Para Margarida Reis, que está prestes a terminar funções como presidente da LisbonPH, esta campanha de sensibilização é um bom exemplo do que são as linhas orientadores desta Júnior Empresa, desde logo, pelo "empenho e facilidade em criar sinergias com entidades foras da comunidade académica".

A responsável destaca também "o nosso grande projeto de Sustentabilidade e Responsabilidade Social, enquadrado na própria cultura organizacional da nossa Júnior Empresa e numa das motivações pelas quais fundamos a LisbonPH".



E fica também evidente a preocupação em promover uma constante proatividade: 

"Enquanto futuros Profissionais de Saúde sentimos que temos uma responsabilidade acrescida na promoção da saúde enquanto agentes de transmissão de conhecimento junto da sociedade, aconselhando-a para as melhores práticas e comportamentos a adotar em saúde, combatendo a iliteracia e promovendo estilos de vida mais saudáveis."

E acrescenta: "Acreditamos também no poder da mudança e transformação de mindset que as gerações mais novas têm e podem cada vez mais ter na sociedade.
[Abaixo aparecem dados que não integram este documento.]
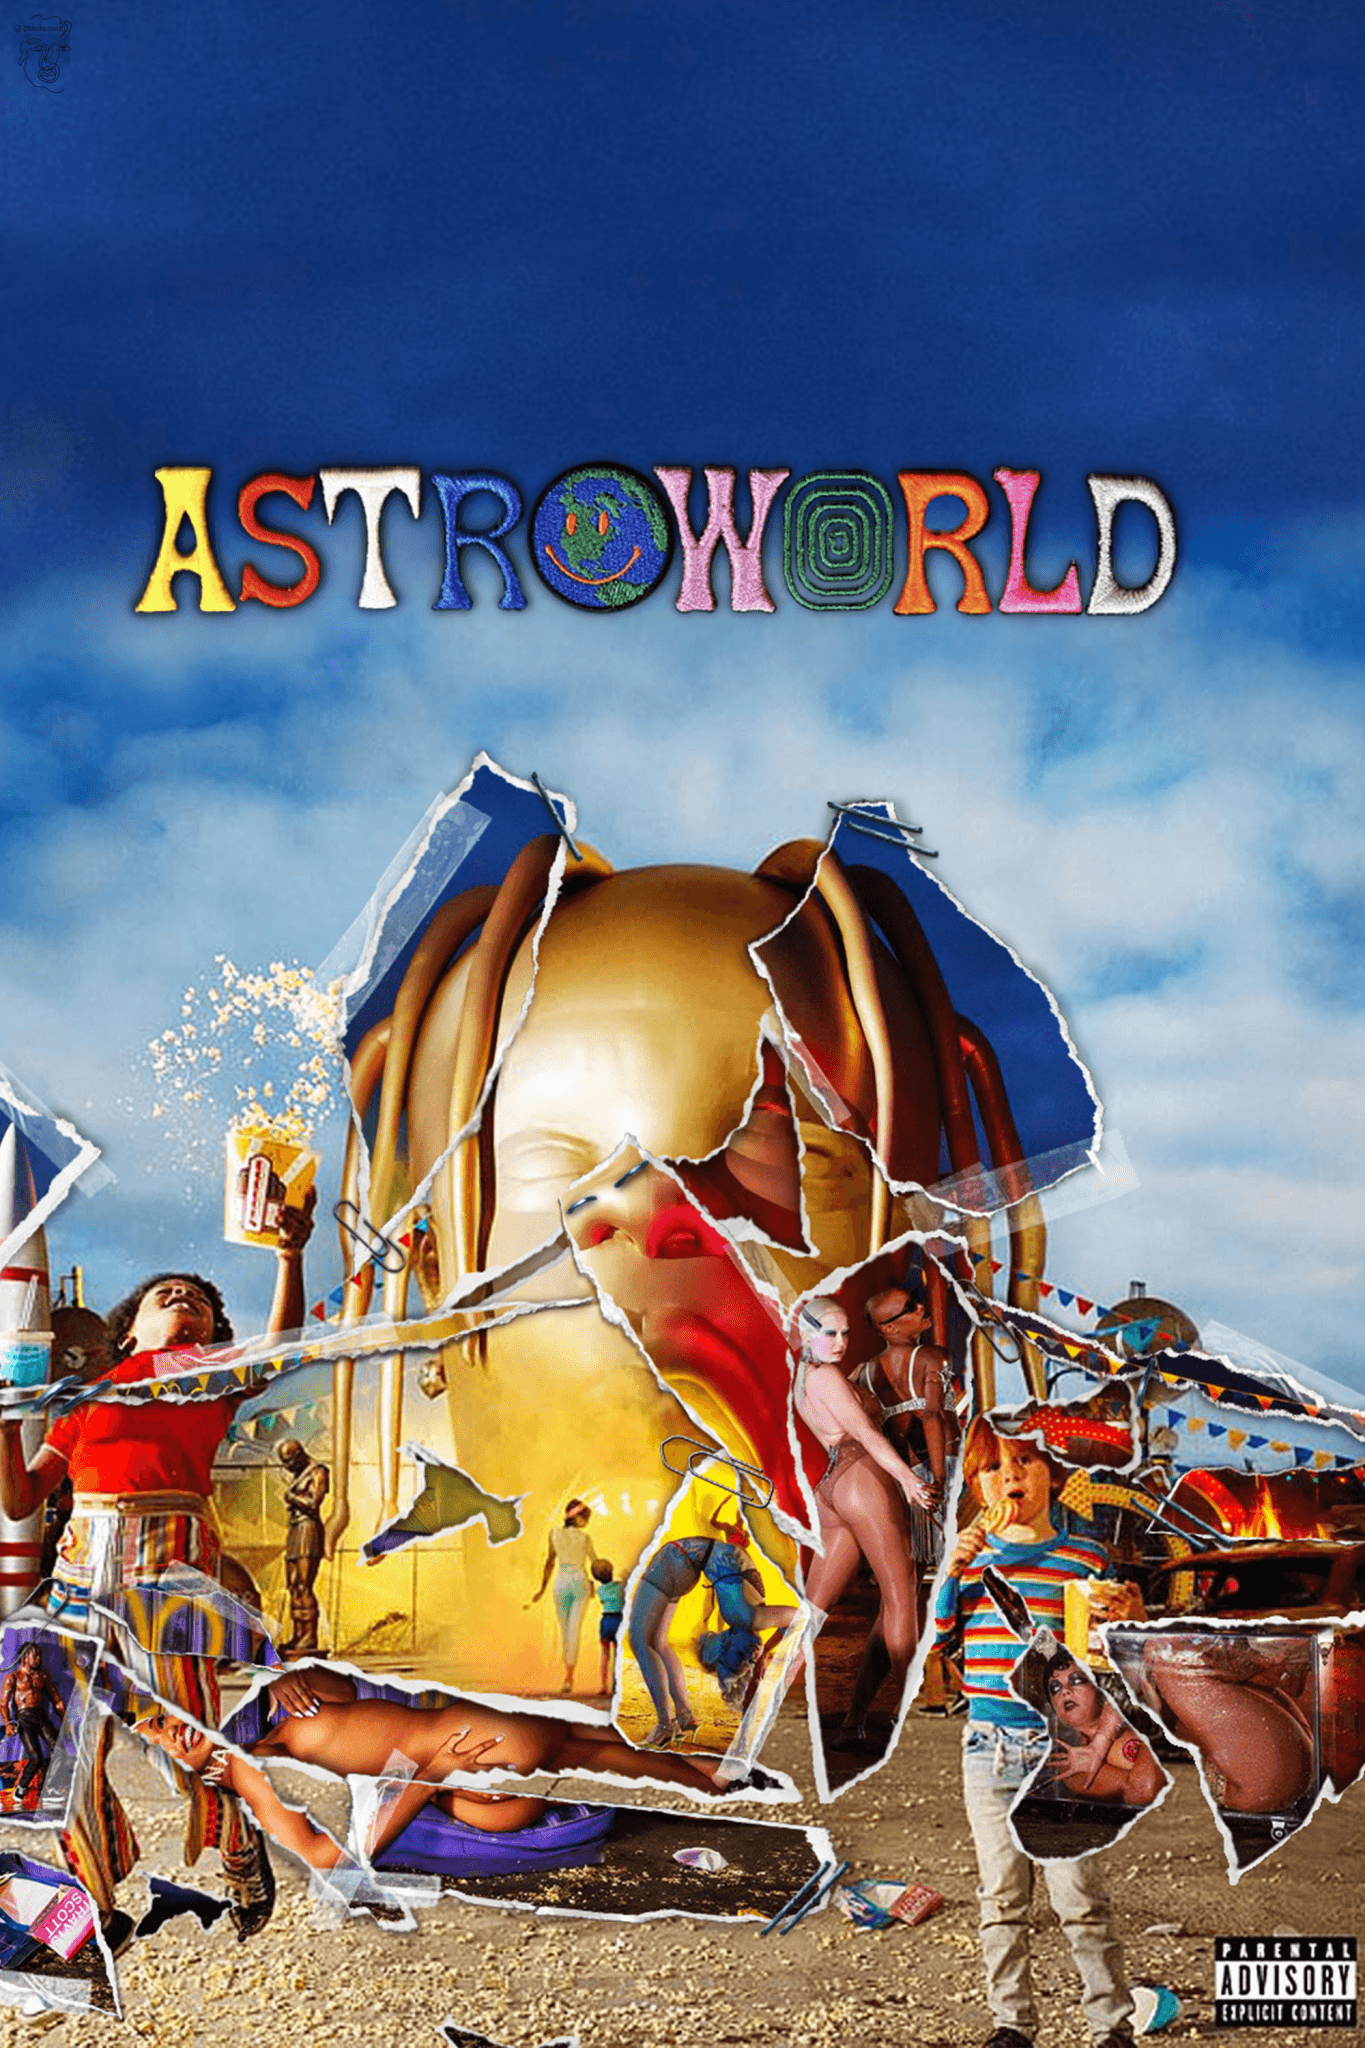 Travis Scott "Astroworld Album" Poster - Posters Plug

E, por isso, pautamos as nossas ações segundo o mote ´somos a transformação que queremos ver no mundo`. Procuramos, diariamente, estabelecer uma ponte de ligação entre o seio acadêmico e o mercado empresarial, numa sinergia potenciadora e disruptiva através equipas multidisciplinares, criando maior impacto nas suas intervenções junto da comunidade."

Pode ser solicitada ajuda psicológica gratuita (24h/dia) através do SNS 24 – 808 24 24 24. Depois deve ser selecionada a opção 4 (aconselhamento psicológico).